Dataloaders and Processing scripts in Cerebras Model Zoo#
data_processing.GenericDataProcessor module#
Pytorch Generic Dataloader
- class data_processing.GenericDataProcessor.GenericDataProcessor[source]#
A Generic PyTorch Data Processor.
- Parameters
params (dict) –
dict containing training input parameters for creating dataset.
Expects the following fields:
”batch_size” (int): Batch size.
”shuffle” (bool): Flag to enable data shuffling.
”shuffle_seed” (int): Shuffle seed.
”shuffle_buffer” (int): Size of shuffle buffer in samples.
”num_workers” (int): How many subprocesses to use for data loading.
”drop_last” (bool): If True and the dataset size is not divisible by the batch size, the last incomplete batch will be dropped.
”prefetch_factor” (int): Number of batches loaded in advance by each worker.
”persistent_workers” (bool): If True, the data loader will not shutdown the worker processes after a dataset has been consumed once.
data_processing.HDF5IterableDataProcessor module#
Pytorch HDF5 Dataloader
- class data_processing.HDF5IterableDataProcessor.HDF5IterableDataProcessor[source]#
A HDF5 dataset processor. Loads data from HDF5 files.
- Parameters
params (dict) –
dict containing training input parameters for creating dataset.
Expects the following fields:
”batch_size” (int): Batch size.
”shuffle” (bool): Flag to enable data shuffling.
”shuffle_seed” (int): Shuffle seed.
”shuffle_buffer” (int): Size of shuffle buffer in samples.

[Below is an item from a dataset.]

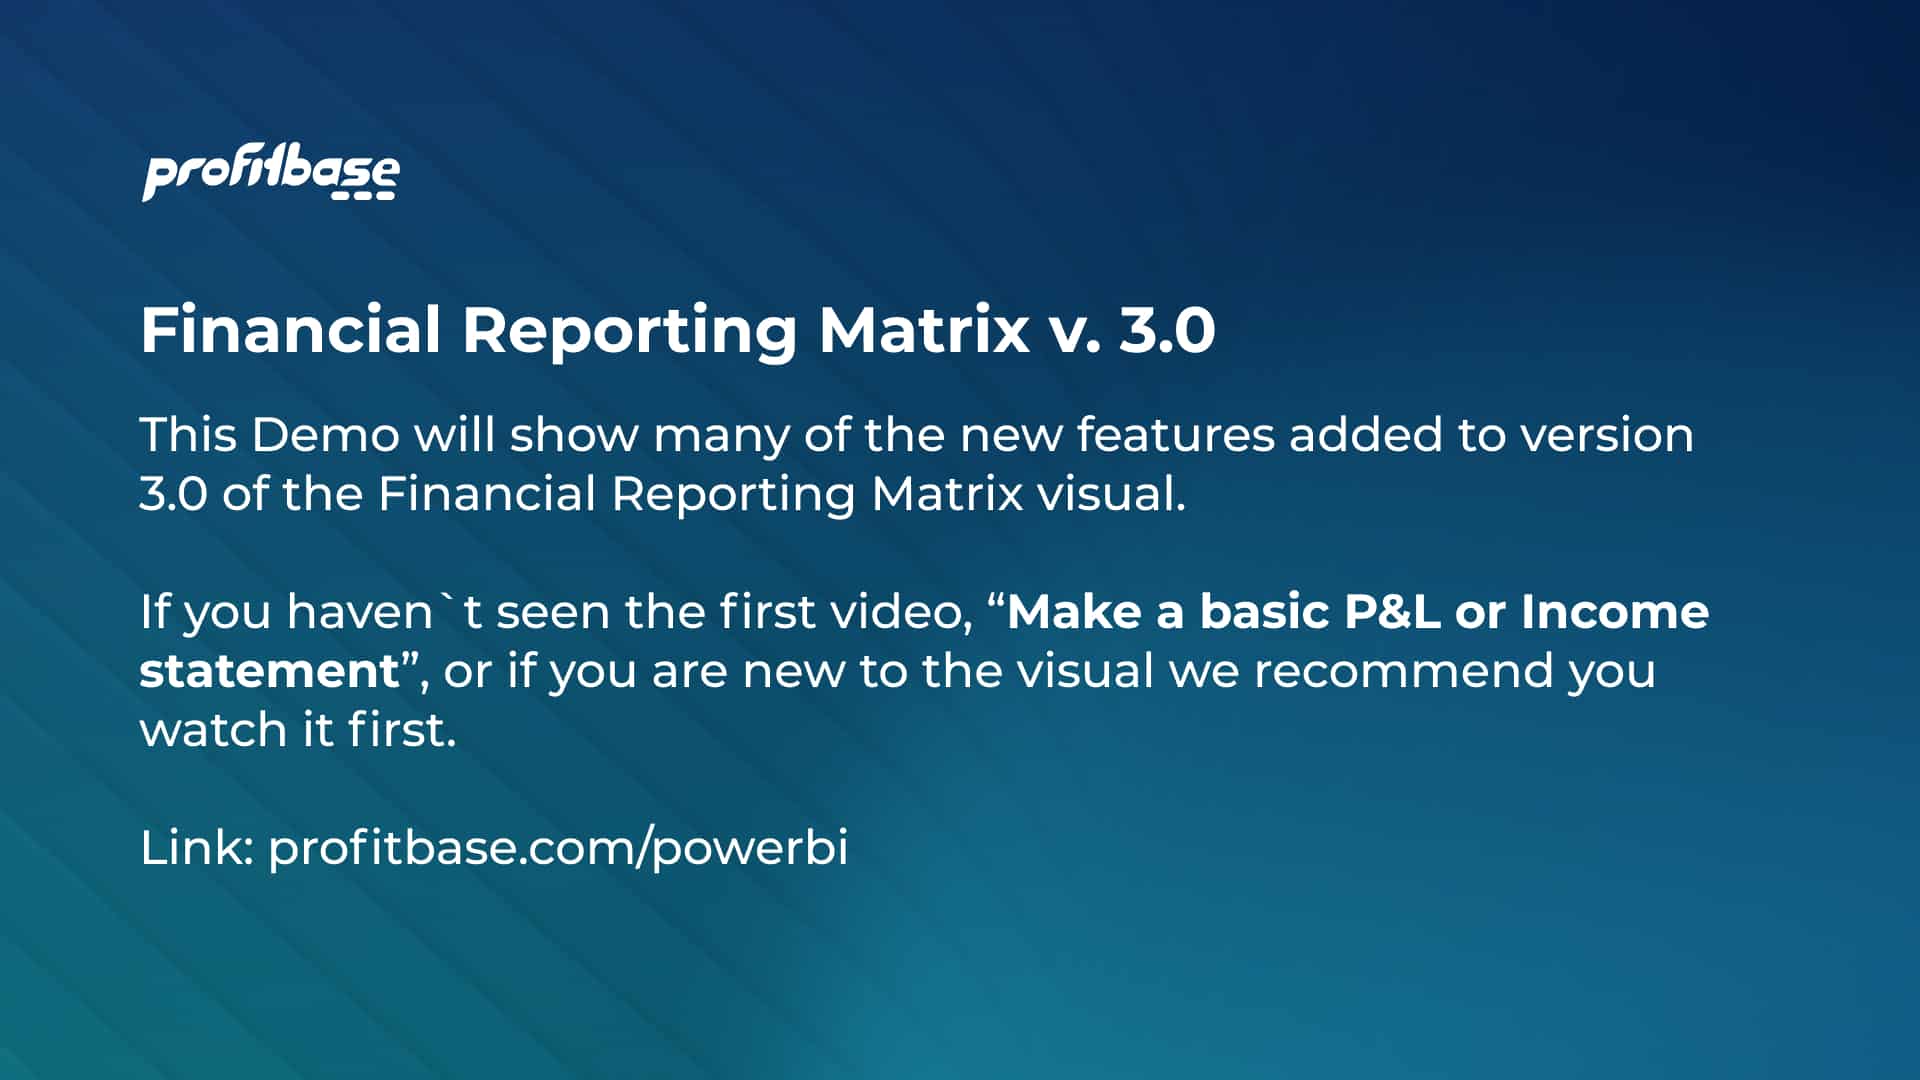 Financial Reporting Matrix - new features

”num_workers” (int): How many subprocesses to use for data loading.
”drop_last” (bool): If True and the dataset size is not divisible by the batch size, the last incomplete batch will be dropped.
”prefetch_factor” (int): Number of batches loaded in advance by each worker.

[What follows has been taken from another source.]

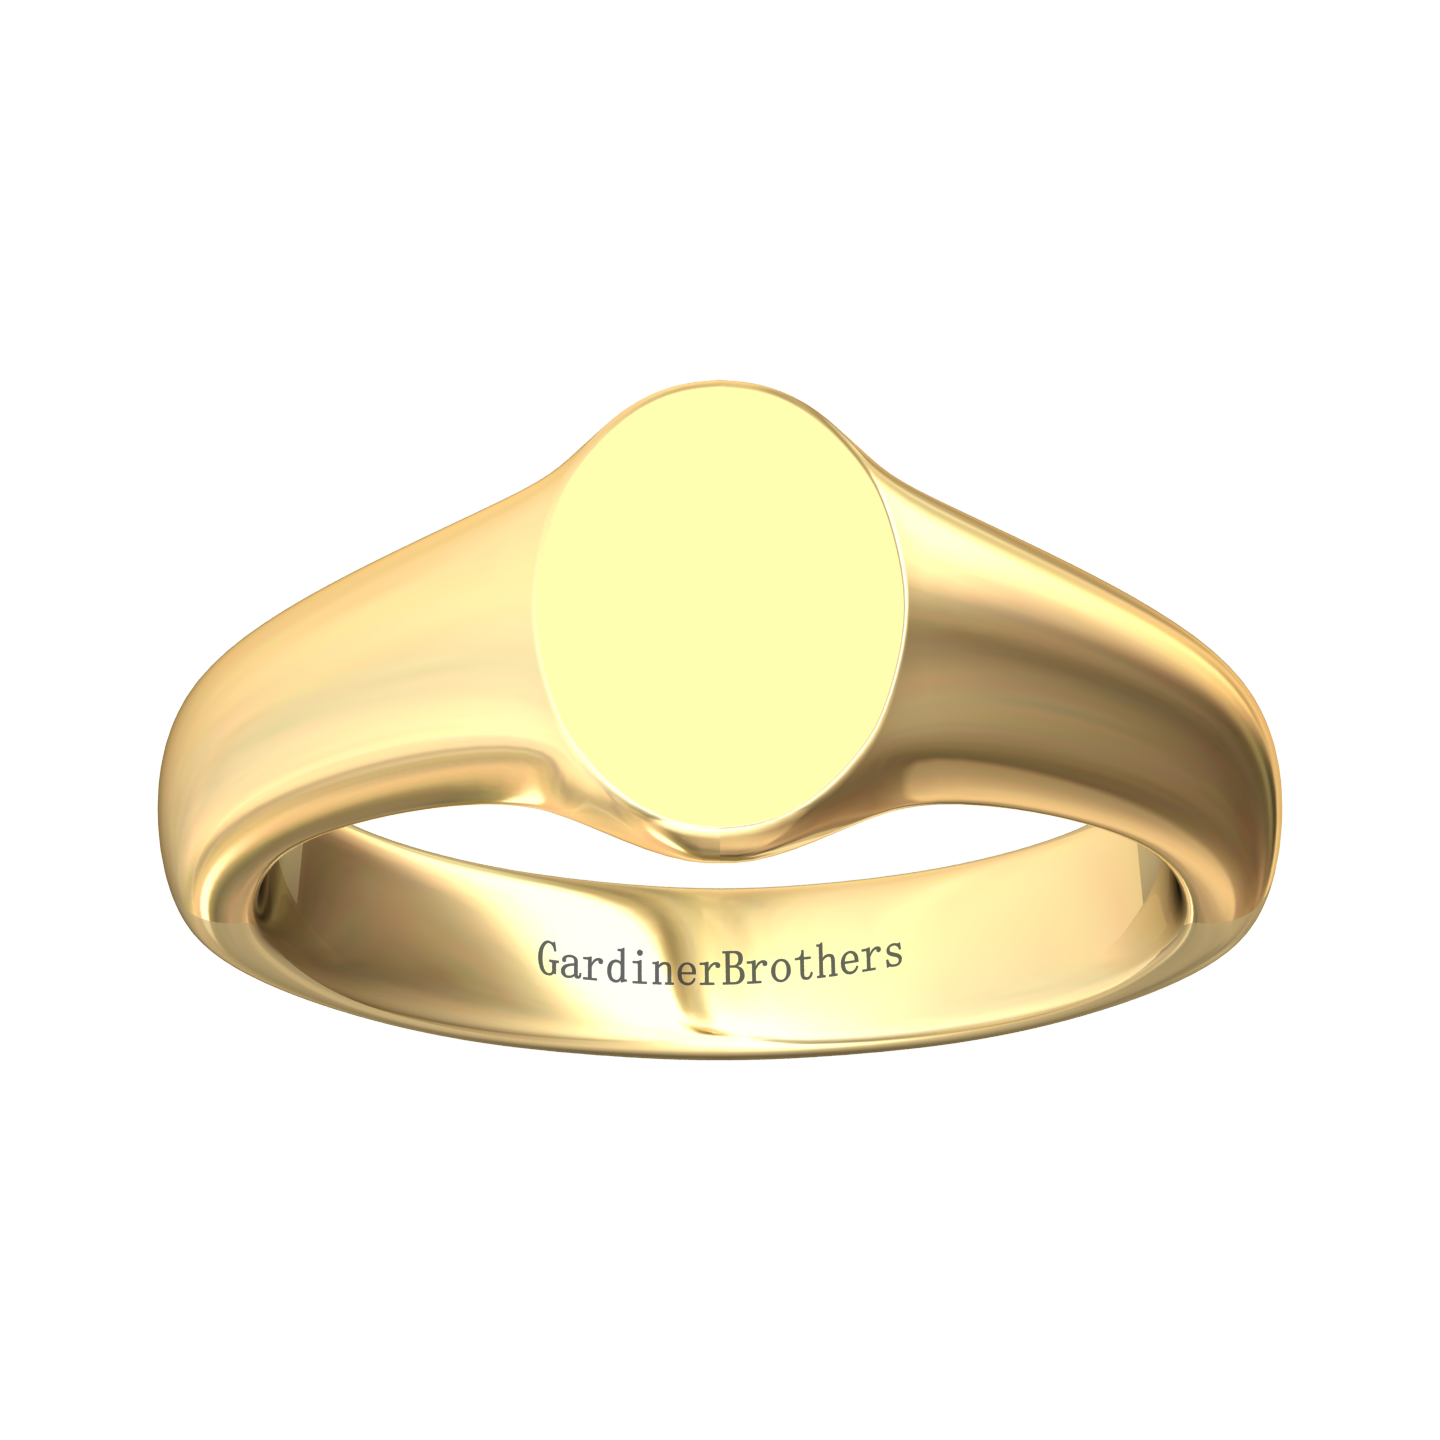 Oval Signet Ring 9x7mm  Gardiner Brothers

”persistent_workers” (bool): If True, the data loader will not shutdown the worker processes after a dataset has been consumed once.
data_processing.HDF5IterableDataset module#
PyTorch HDF5 Dataset
- class data_processing.HDF5IterableDataset.HDF5IterableDataset[source]#
A HDF5 dataset processor. Loads data from HDF5 files.
- Parameters
params (dict) –
dict containing training input parameters for creating dataset.
Expects the following fields:
”data_dir” (str or list of str): Path to dataset HDF5 files
”batch_size” (int): Batch size.
”shuffle” (bool): Flag to enable data shuffling.
”shuffle_seed” (int): Shuffle seed.
”num_workers” (int): How many subprocesses to use for data loading.
”drop_last” (bool): If True and the dataset size is not divisible by the batch size, the last incomplete batch will be dropped.
data_processing.utils module#
- data_processing.utils.convert_str_to_int_list(s)[source]#
- Converts a string (e.g. from parsing CSV) of the form
“[1, 5, 7, 2]”
to a list of integers.
- data_processing.utils.convert_to_unicode(text)[source]#
Converts text to unicode, assuming utf-8 input Returns text encoded in a way suitable for print or tf.compat.v1.logging
- data_processing.utils.count_total_documents(metadata_files)[source]#
Counts total number of documents in metadata_files.
- Parameters
metadata_files (str or list[str]) – Path or list of paths to metadata files.
- Returns
Number of documents whose paths are contained in the metadata files.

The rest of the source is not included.